- DATASET EXCERPT
____________

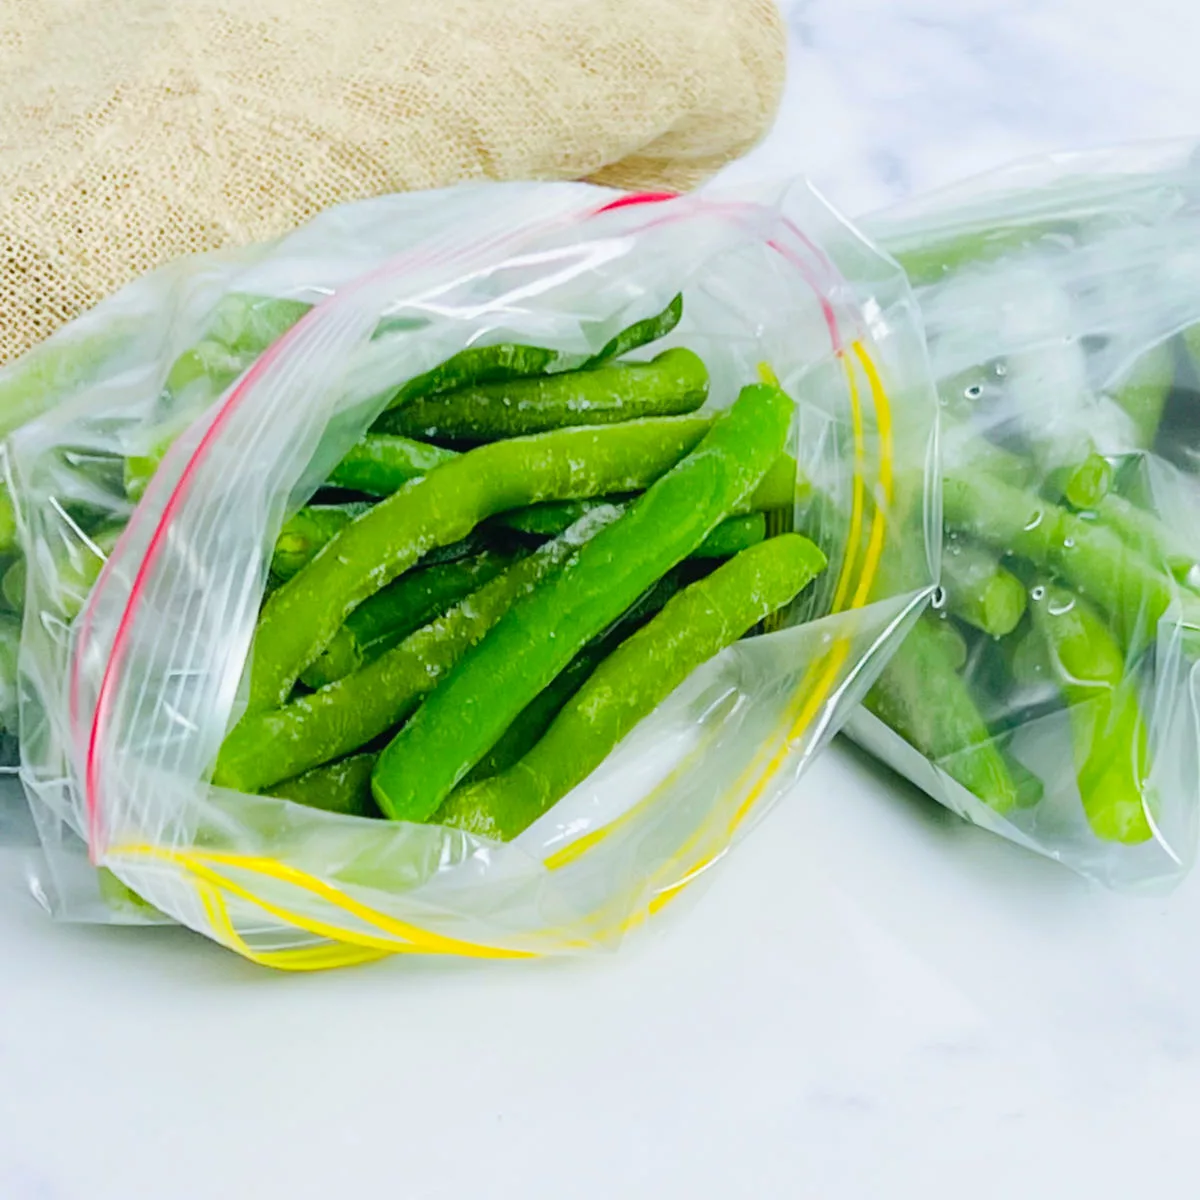 Frosen green beans.
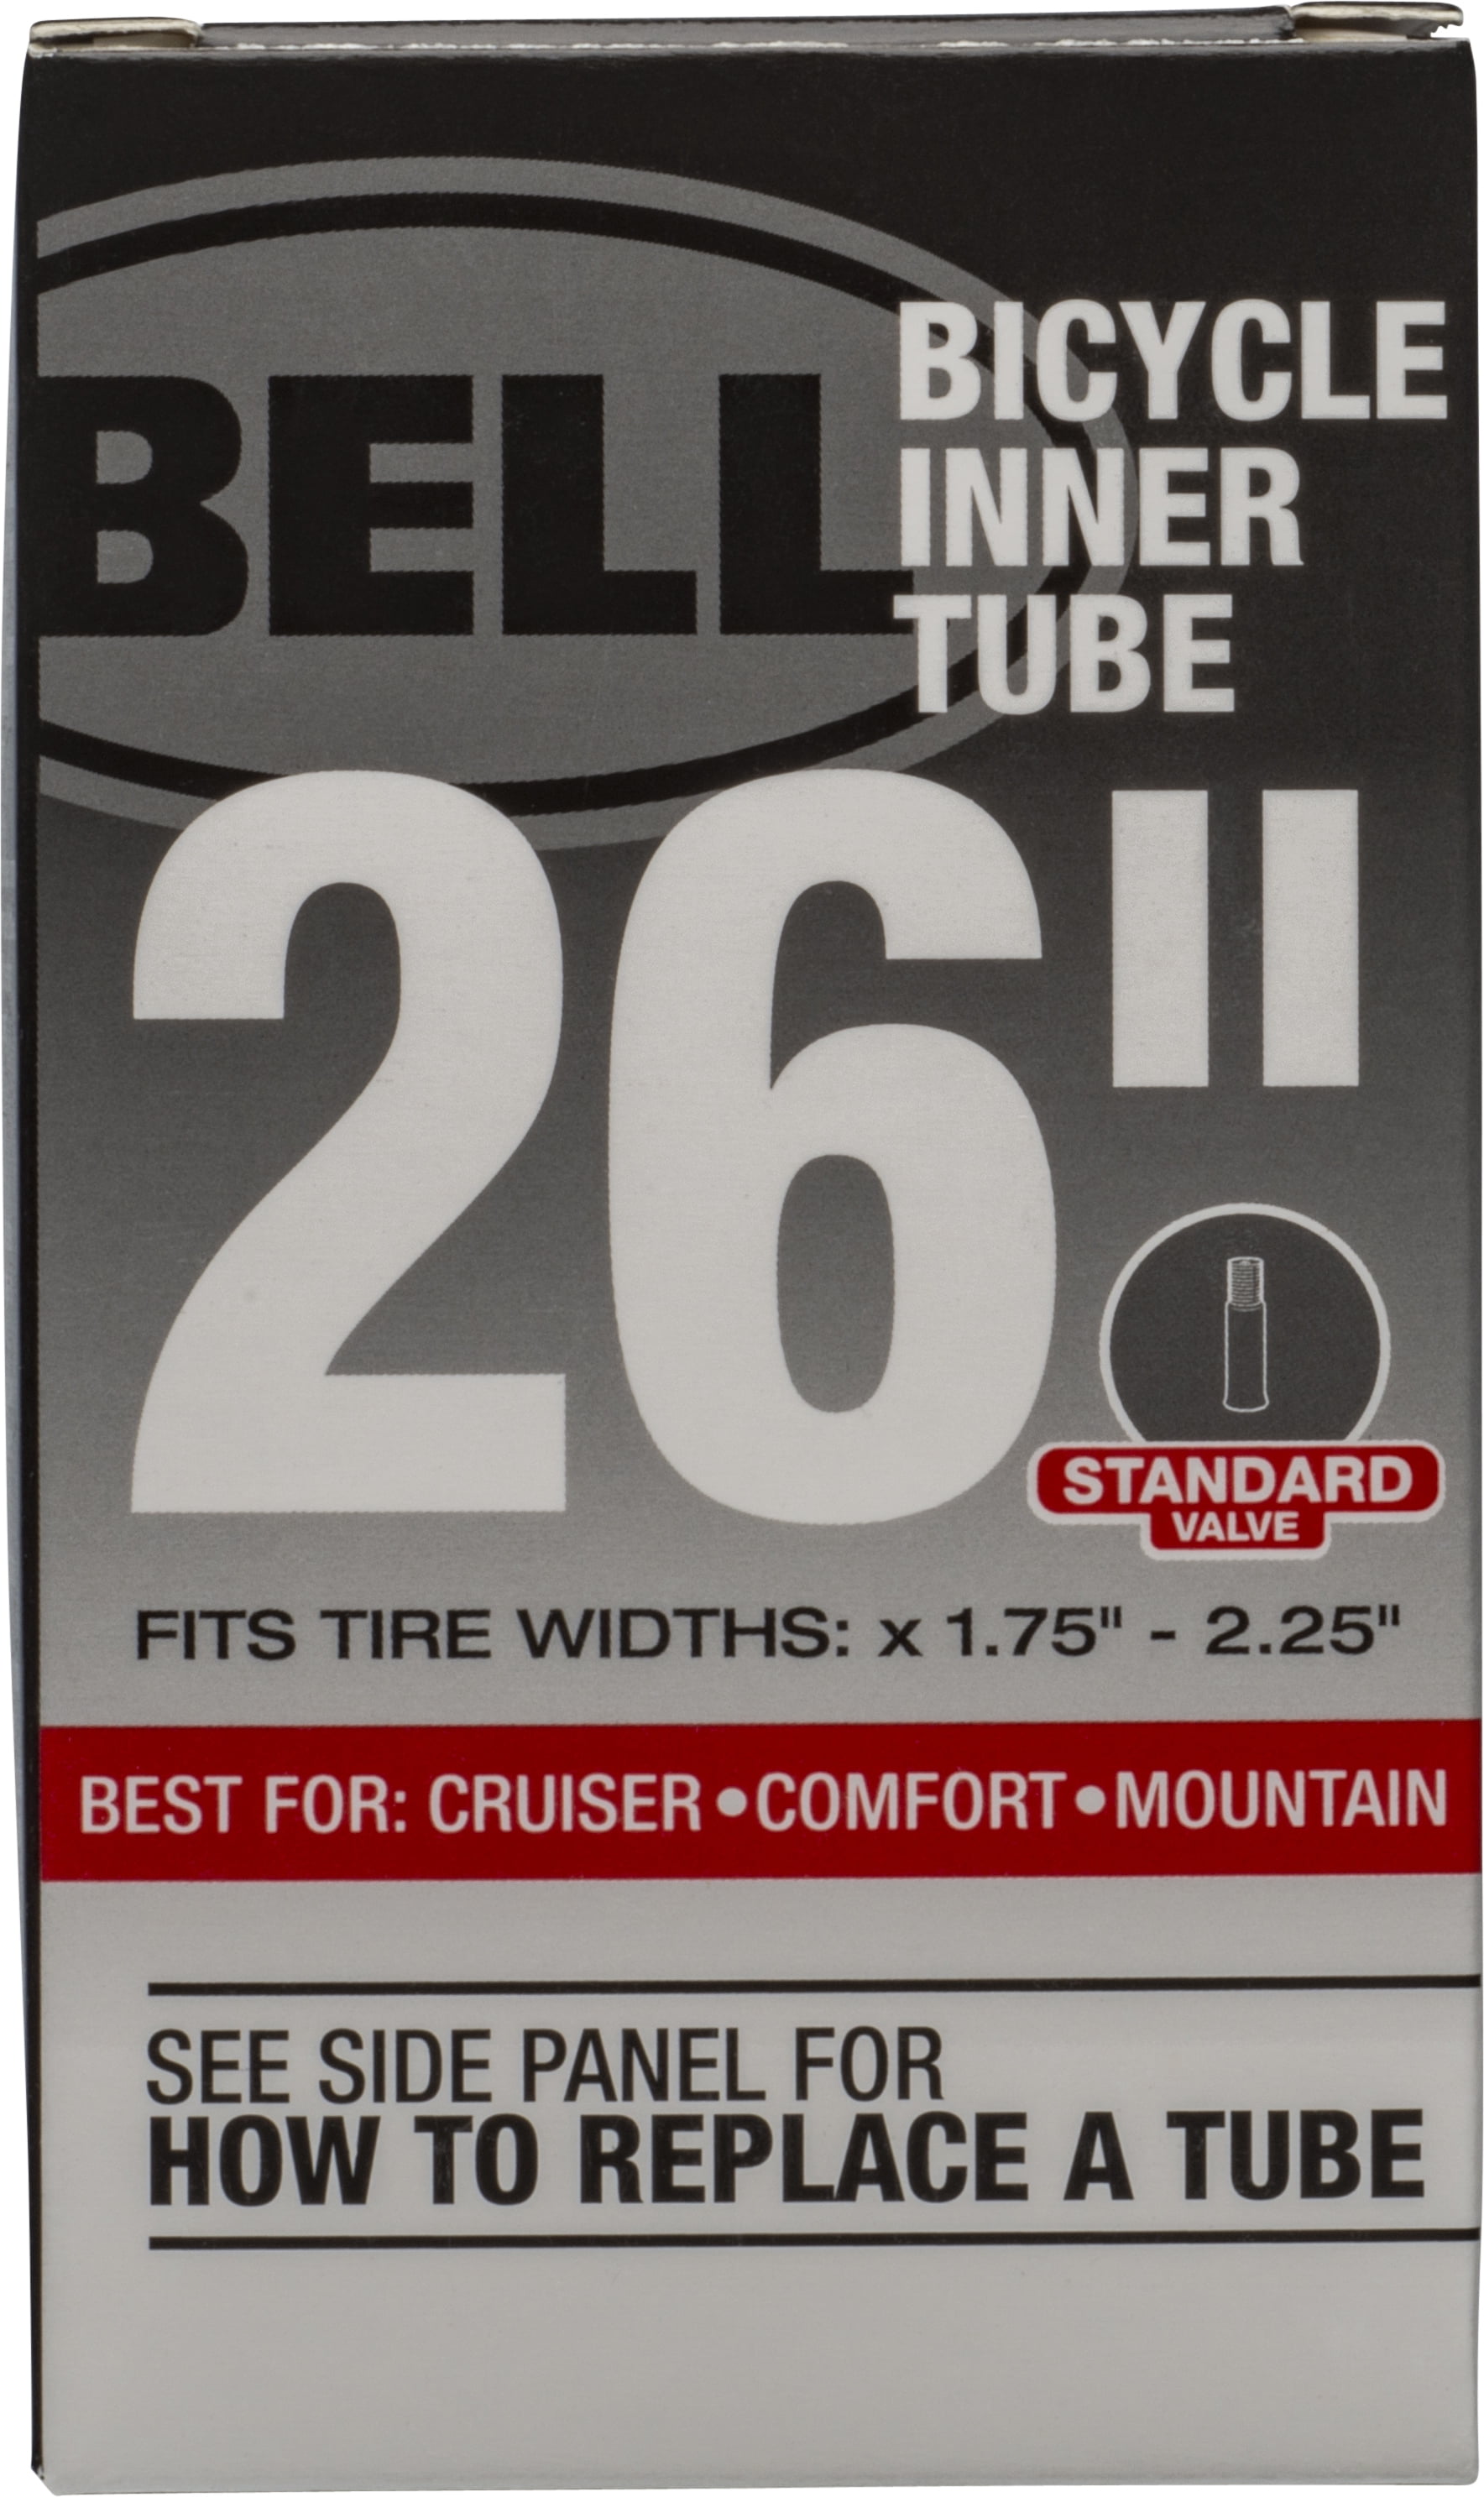 NEW CYCLE INNER TUBES 2 PACK 12 x 1.75/2.125 SCHRADER VALVE BIKE MTB 12"
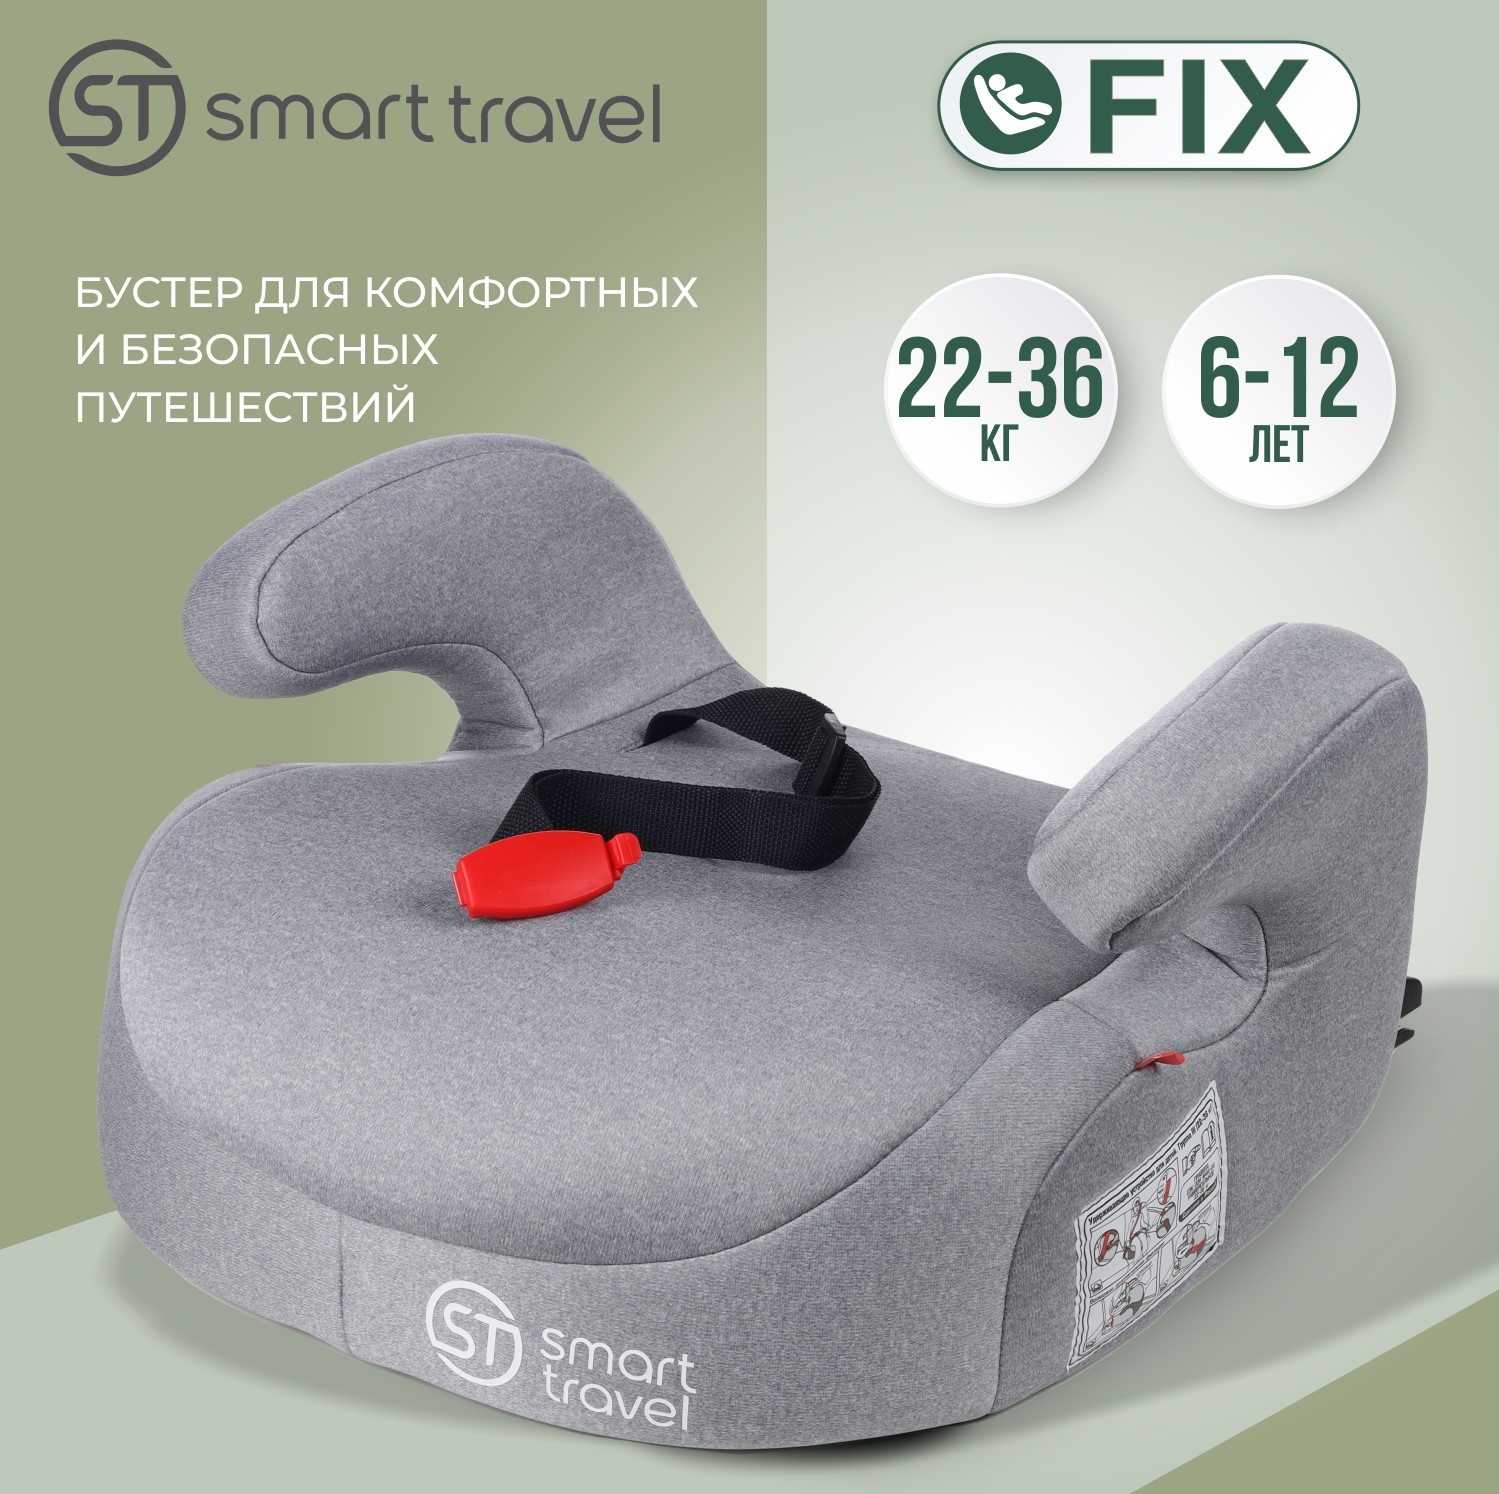 Детское автокресло Smart Travel Trast FIX, группа 3, 6-12 лет, 22-36 кг, light grey
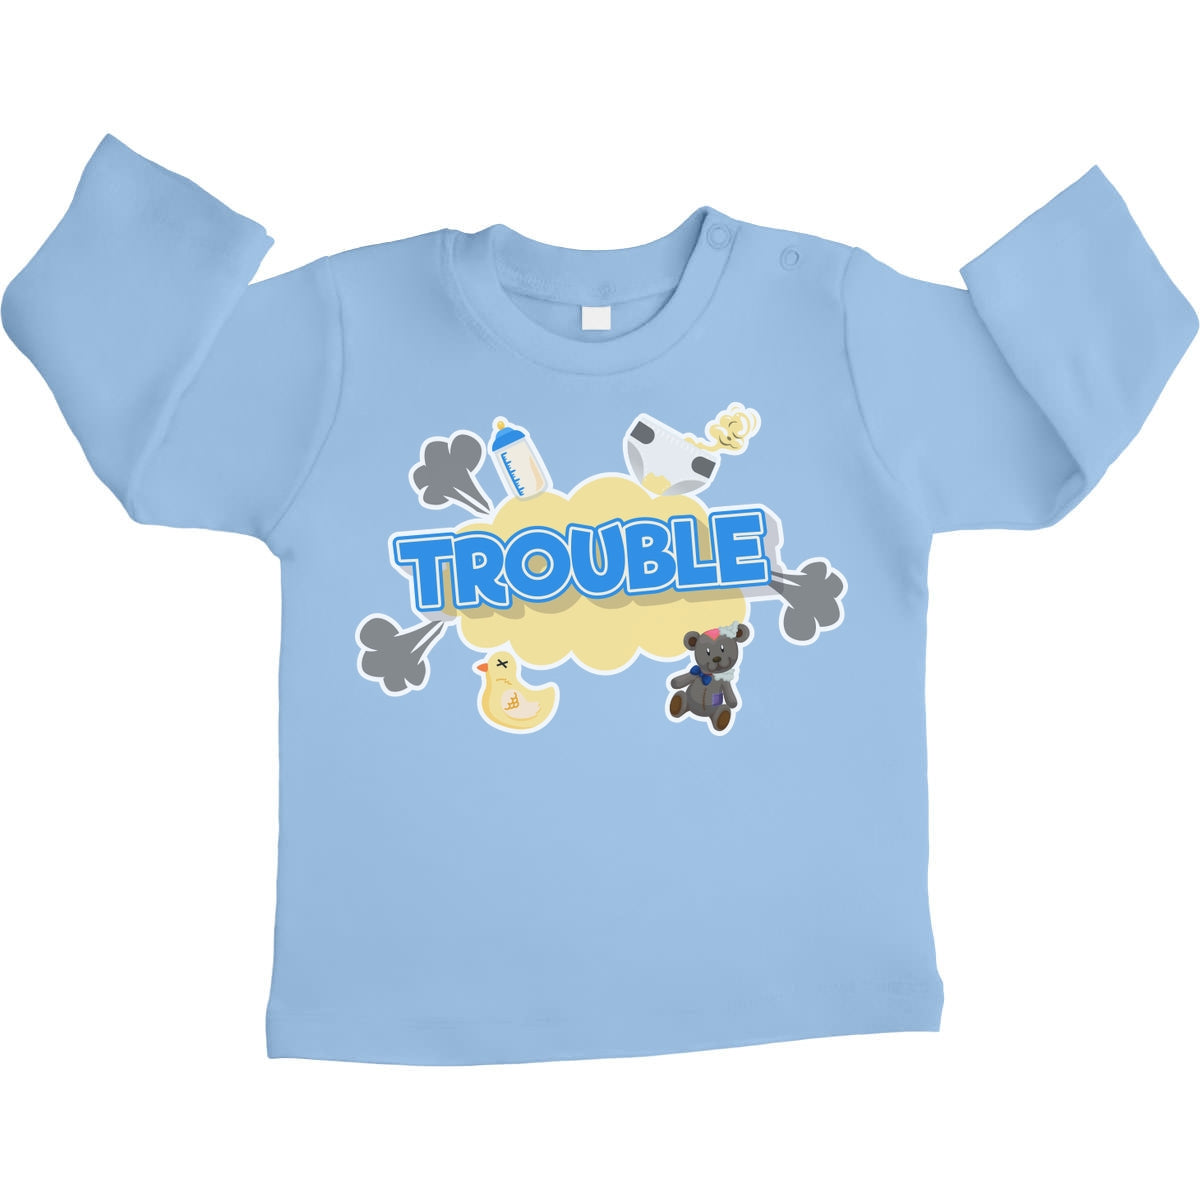 Trouble - Lustiger Spruch für Babies Unisex Baby Langarmshirt Gr. 66-93

____________

- TASK TO CARRY OUT
Write out the material above without changing a word, and skip any picture.

- TASK OUTPUT
 Frosen green beans.
 NEW CYCLE INNER TUBES 2 PACK 12 x 1.75/2.125 SCHRADER VALVE BIKE MTB 12"
 Детское автокресло Smart Travel Trast FIX, группа 3, 6-12 лет, 22-36 кг, light grey
 Trouble - Lustiger Spruch für Babies Unisex Baby Langarmshirt Gr. 66-93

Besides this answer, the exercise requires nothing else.